In December 2014, respondent's criminal convictions were vacated by Albany County Court (Herrick, J.) on the sole basis that the underlying crimes were held to be unconstitutional by the Court of Appeals in an unrelated case (see People v Golb, 23 NY3d 455, 466-468 [2014]). Respondent thereafter moved for reinstatement to the practice of law. Petitioner opposed the application on the basis that the criminal proceedings and disbarment had forestalled any earlier investigation and that such was necessary given that respondent's guilty plea had not been [*2]vacated, nor was he acquitted of the factual allegations underlying the criminal proceedings. By June 29, 2015 confidential order, this Court thereafter directed petitioner "to expeditiously commence an investigation pursuant to Rules of the Appellate Division (22 NYCRR) § 806.4 and determine whether a proceeding pursuant to Rules of the Appellate Division, Third Department (22 NYCRR) §§ 806.5 and/or 806.10 is warranted" (see generally Matter of Barash, 20 NY2d at 158-159). This Court further directed that respondent's application for reinstatement be held in abeyance pending the resolution of any proceeding commenced by petitioner concerning respondent.

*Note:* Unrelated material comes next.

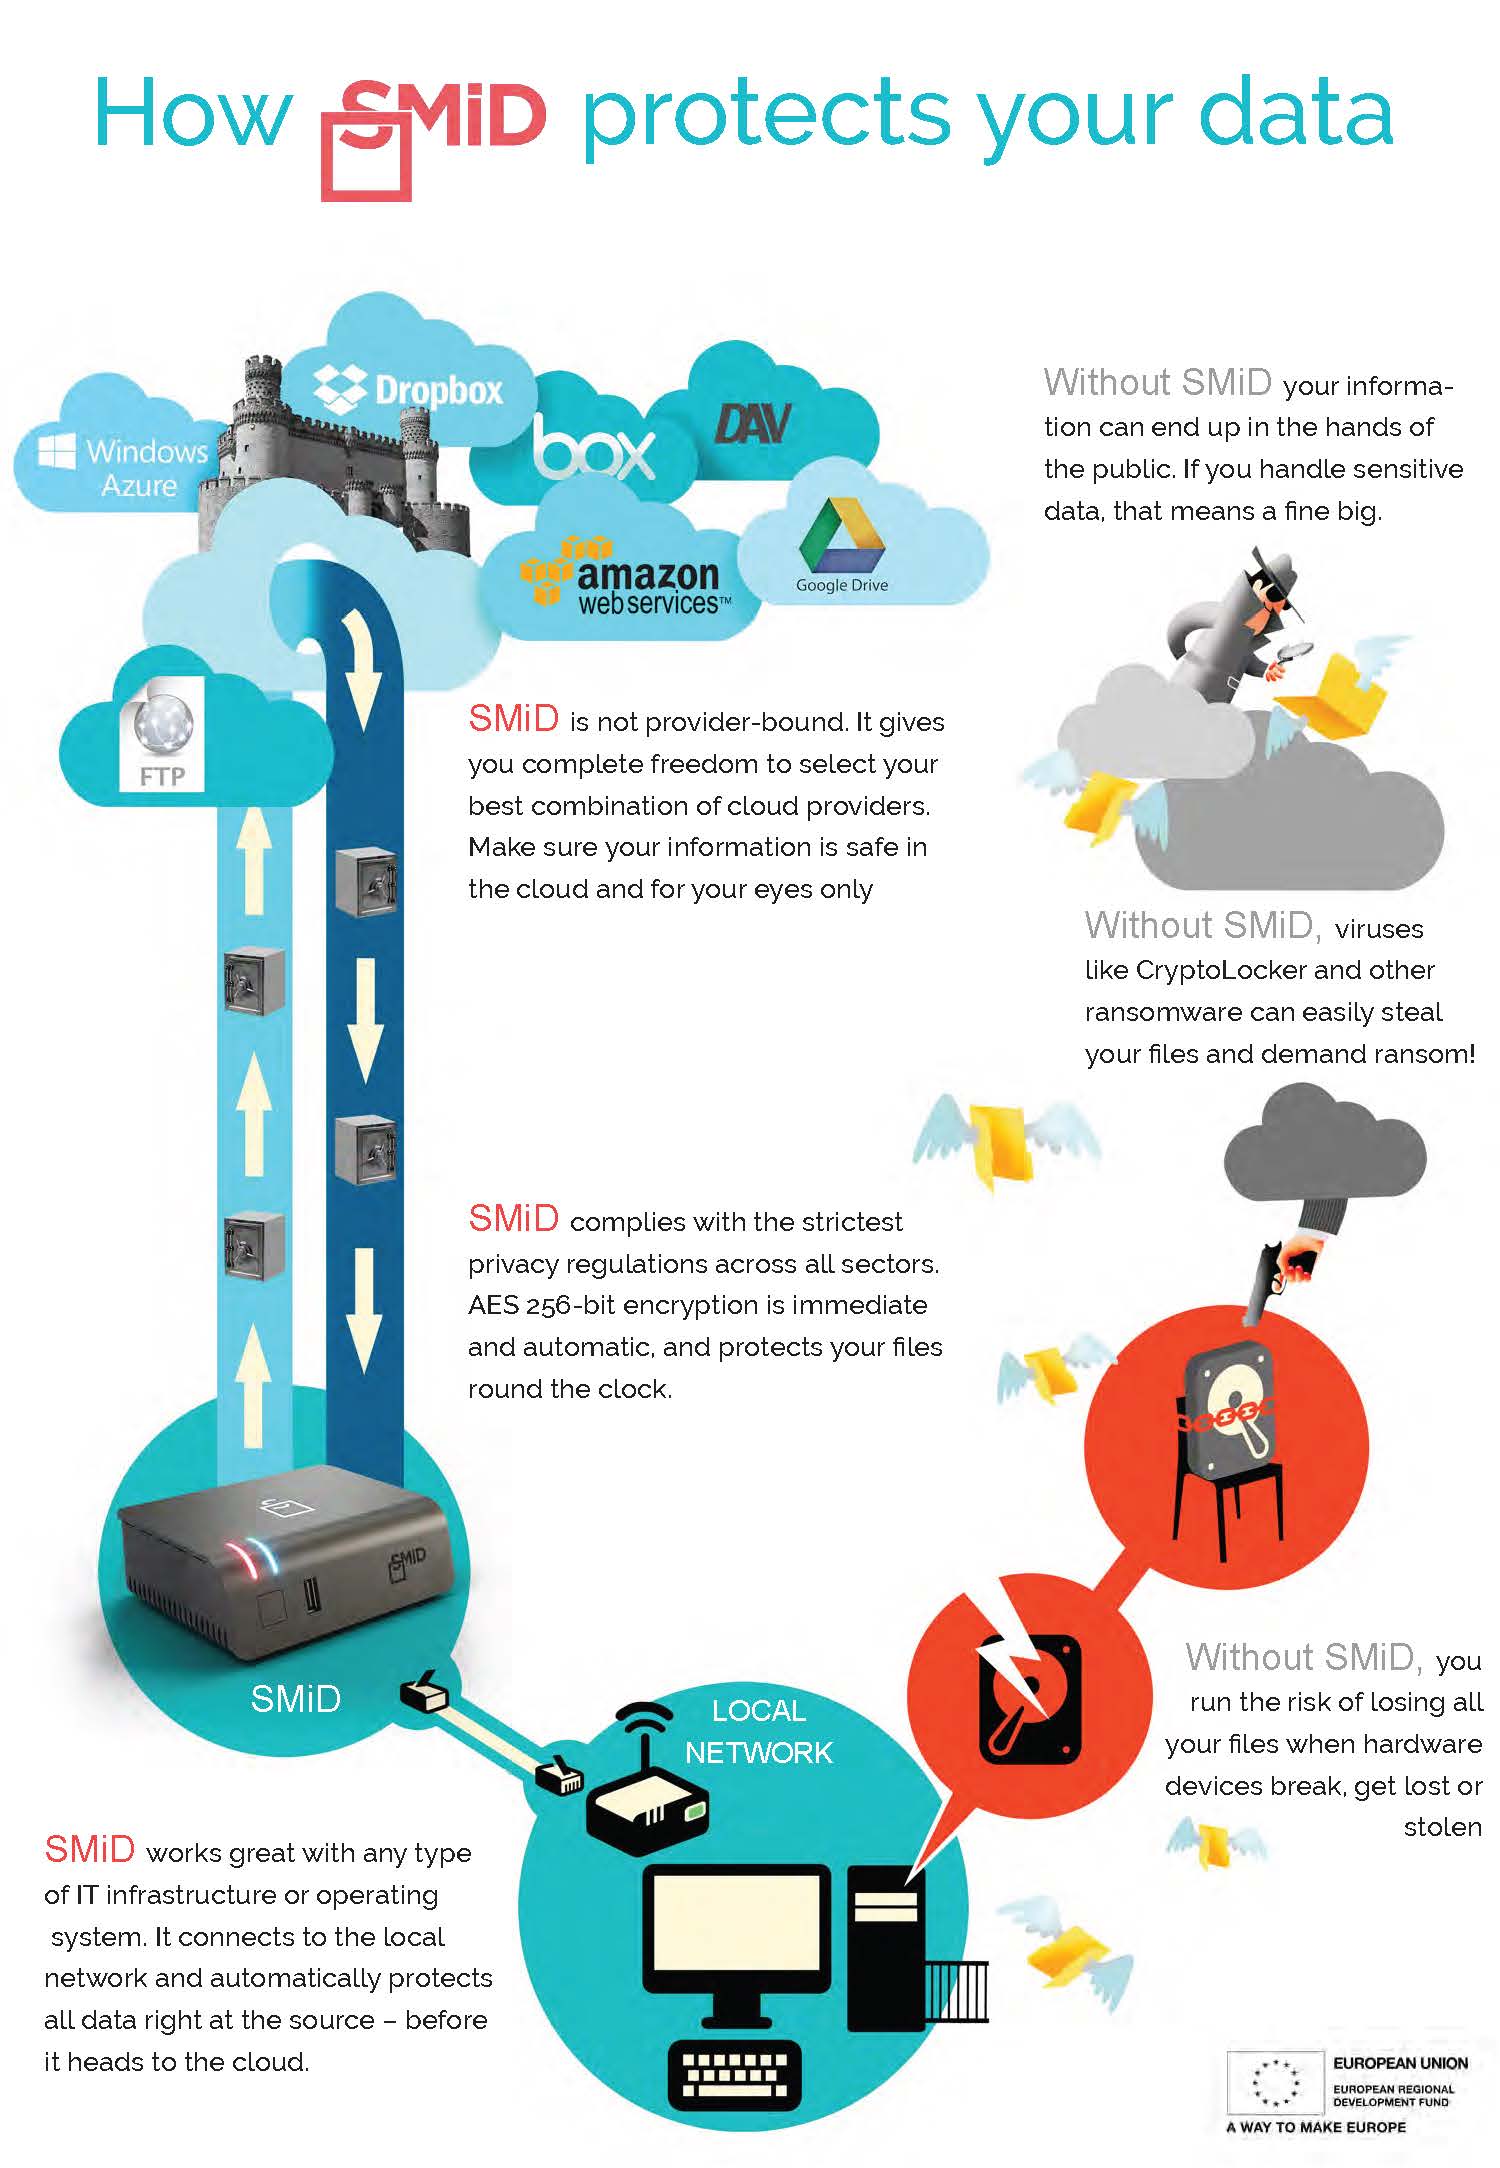 Enterprise Cloud Computing 2016 Trends - Infographic
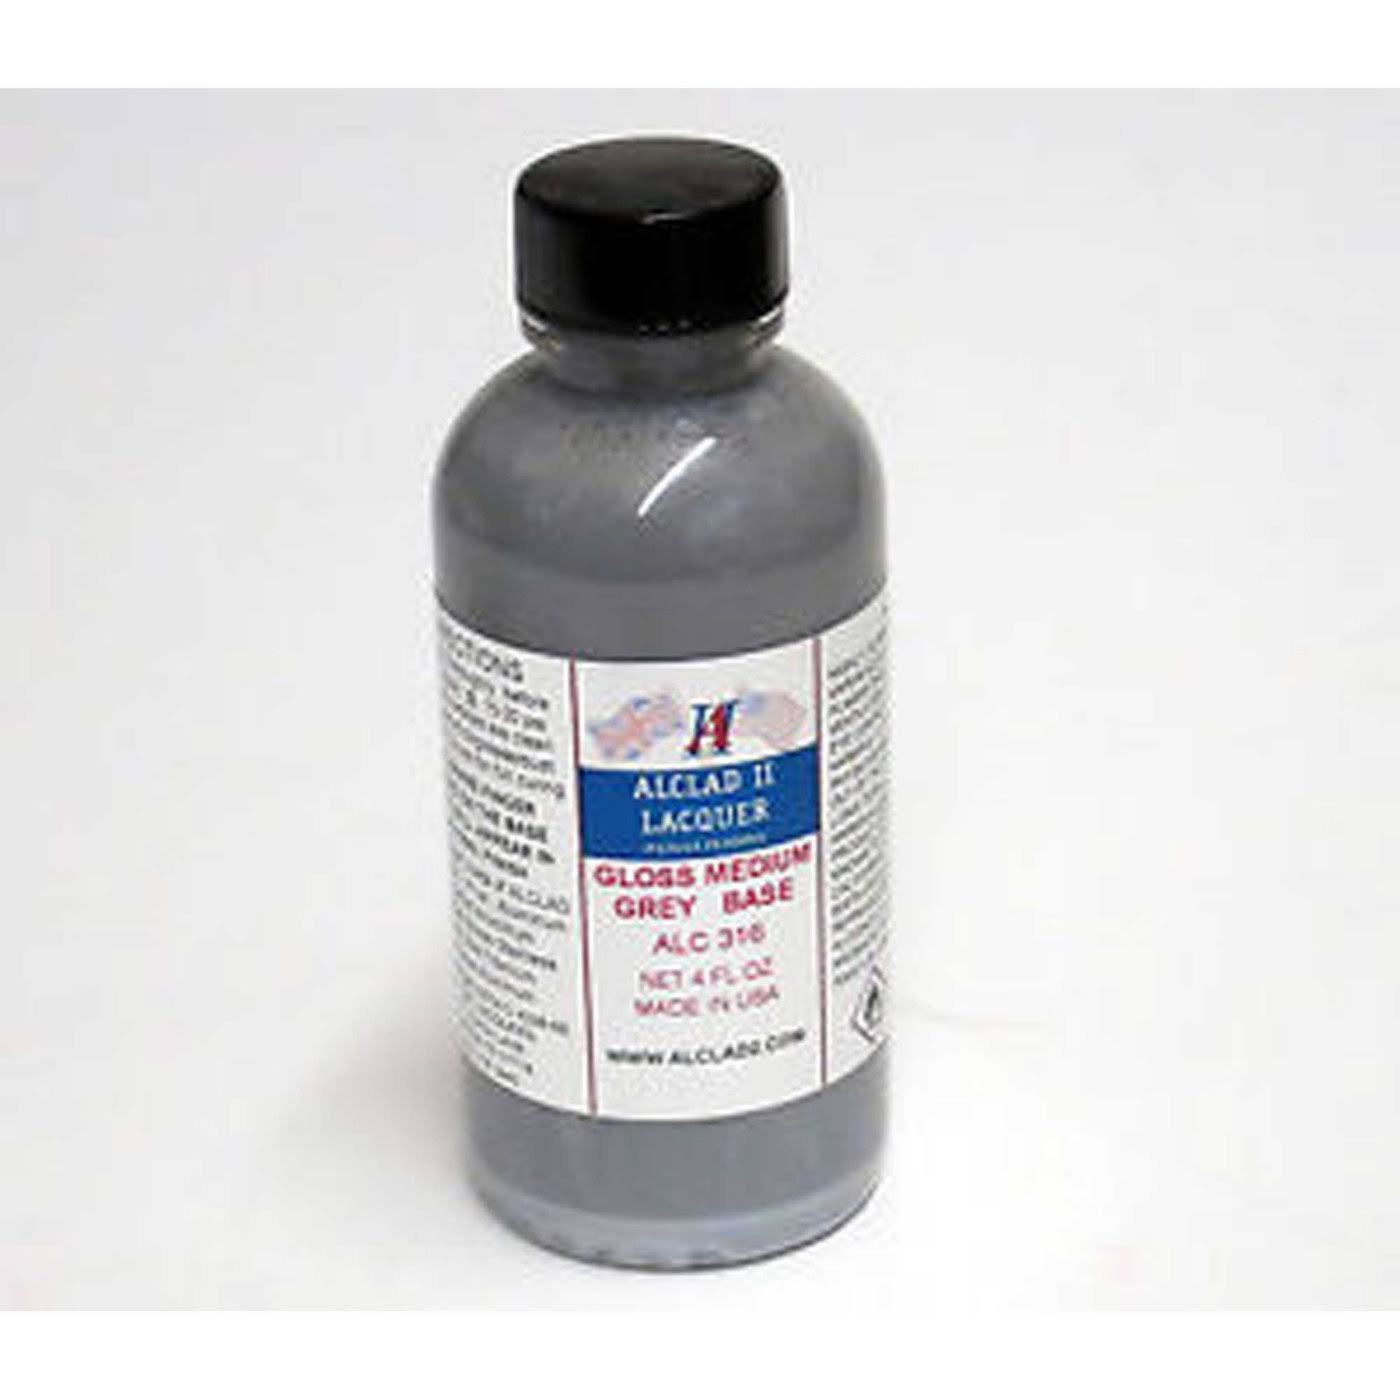 Alclad II 316 Gloss Medium Grey Base 4oz Bottle

Subsequently, petitioner undertook its investigation, conducted an examination of respondent at its offices and authorized, among other things, commencement of a proceeding pursuant to Rules of the Appellate Division, Third Department (22 NYCRR) § 806.5. Petitioner thereafter filed a petition of charges, dated January 19, 2016, alleging that respondent engaged in conduct adversely reflecting on his fitness as a lawyer, deceptive conduct and conduct prejudicial to the administration of justice. In lieu of filing an answer, respondent now moves to dismiss the petition of charges on the basis of insufficiency and for reinstatement. Petitioner opposes this motion and cross-

moves to unseal respondent's criminal record.[FN1]

Respondent's motion to dismiss is founded primarily on his claim that the petition of charges is impermissibly based upon information and statements obtained from respondent's "now sealed criminal case." However, as this Court indicated in its June 2015 order directing commencement of the subject investigation, CPL 160.50 (1) (c) permits review of the record on appeal previously submitted to this Court in conjunction with People v Hennessey (supra). Accordingly, we find no basis to grant respondent's pre-answer motion to dismiss the petition of charges. Moreover, given the availability of respondent's appellate record for petitioner's inspection, "an order unsealing the records is unnecessary" (Matter of Keeffe, 76 AD2d 416, 418 [1980]). Consequently, we further deny, as unnecessary, petitioner's cross motion to order the formal unsealing of the records sealed by County Court pursuant to CPL 160.50.

McCarthy, J.P., Garry, Egan Jr. and Clark, JJ., concur.

ORDERED that respondent's motion is denied; and it is further

ORDERED that petitioner's cross motion is denied, as unnecessary.

ORDERED that respondent is permitted to serve an answer to the January 19, 2016 petition of charges within 20 days of the date of this Court's decision.

Footnotes

Footnote 1: Prior to oral argument on the cross motions, respondent submitted a written waiver of confidentiality.